The Serraino clan was a protagonist in the Second 'Ndrangheta war, which grouped all the 'ndrine in the city of Reggio Calabria into either one of two opposing factions: the Condello, Imerti, Serraino and Rosmini clans on one side, and the De Stefano 'ndrina, Tegano, Libri and Latella clans on the other. Paolo and Domenico Serraino were arrested in Cardeto in July 1995.

==Second group==
The second group was composed of Francesco Serraino, Alessandro Serraino, Domenico Serraino, Filippo Serraino, and Demetrio Serraino. Their sister Maria Serraino married Rosario Di Giovine, and moved to Milan in 1963.
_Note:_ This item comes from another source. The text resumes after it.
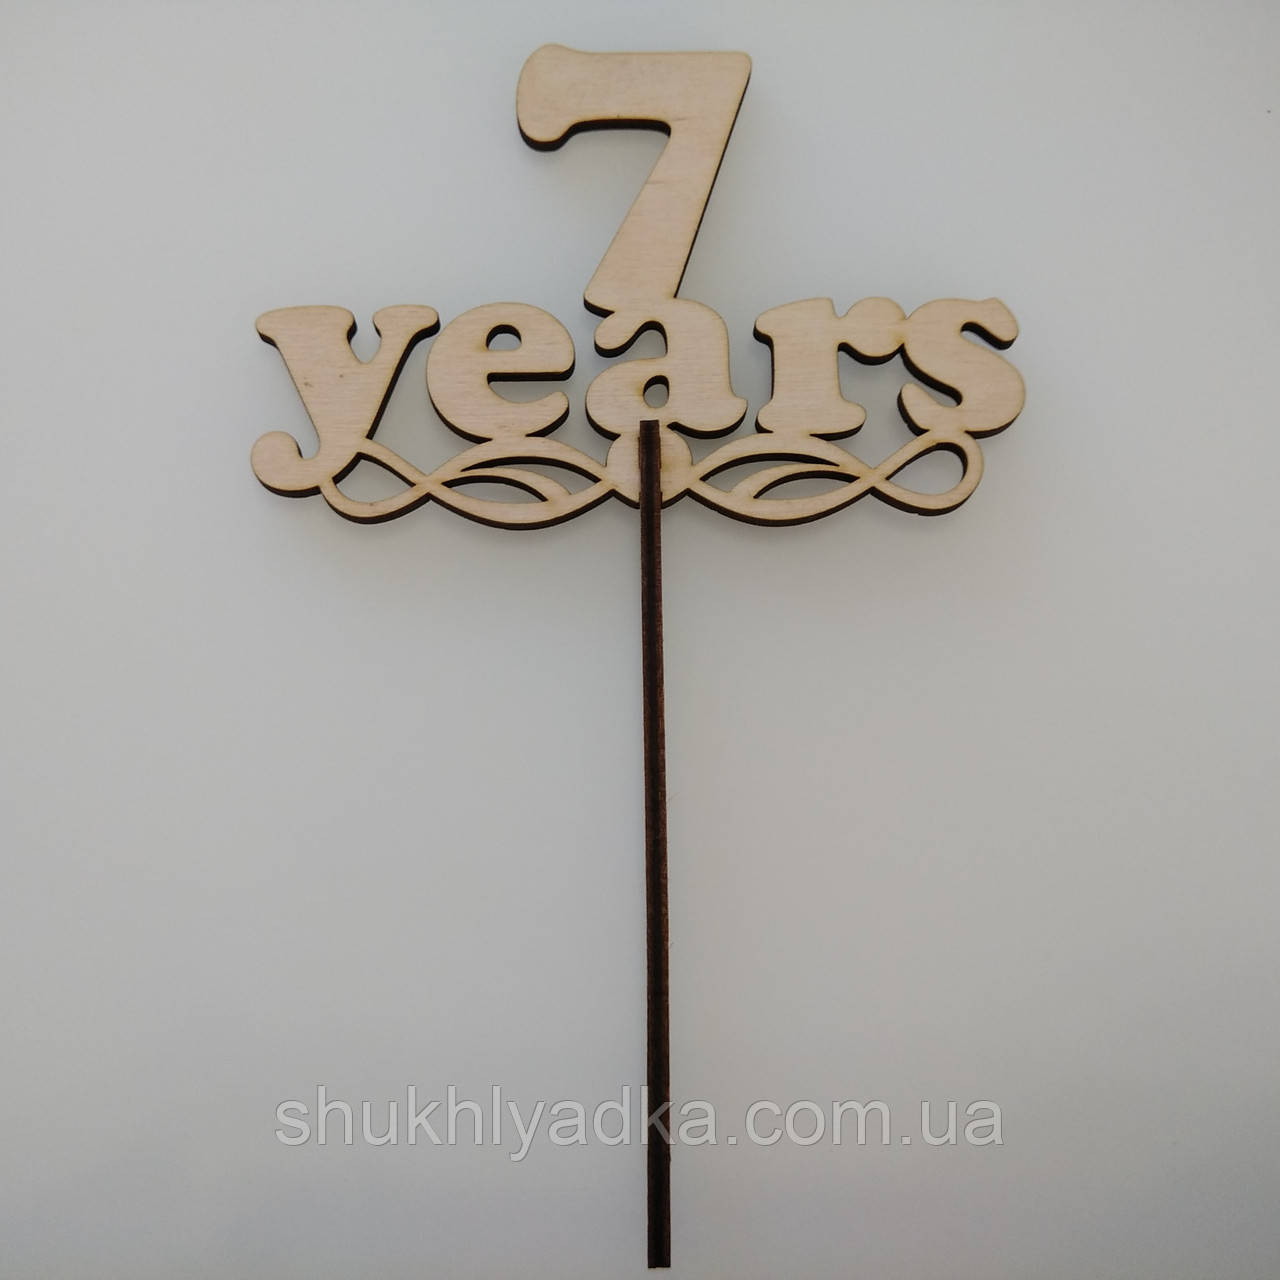 7years

The Serraino-Di Giovine clan controlled the territory around Piazza Prealpi, a square located in the north of Milan, and via Belgioioso. Under the leadership of Maria Serraino the family began their illegal career with smuggling cigarettes and receiving stolen goods. During the 1970s, the trade shifted from cigarettes to drugs (including hashish, cocaine, heroin, and ecstasy) and weapons, and involved the whole family. The weapons were sent to Calabria, where their relatives were involved in the Second 'Ndrangheta war.

The organisation was dismantled in 1993-1995 by three police operations, called Belgio from the name of the street where the clan resided.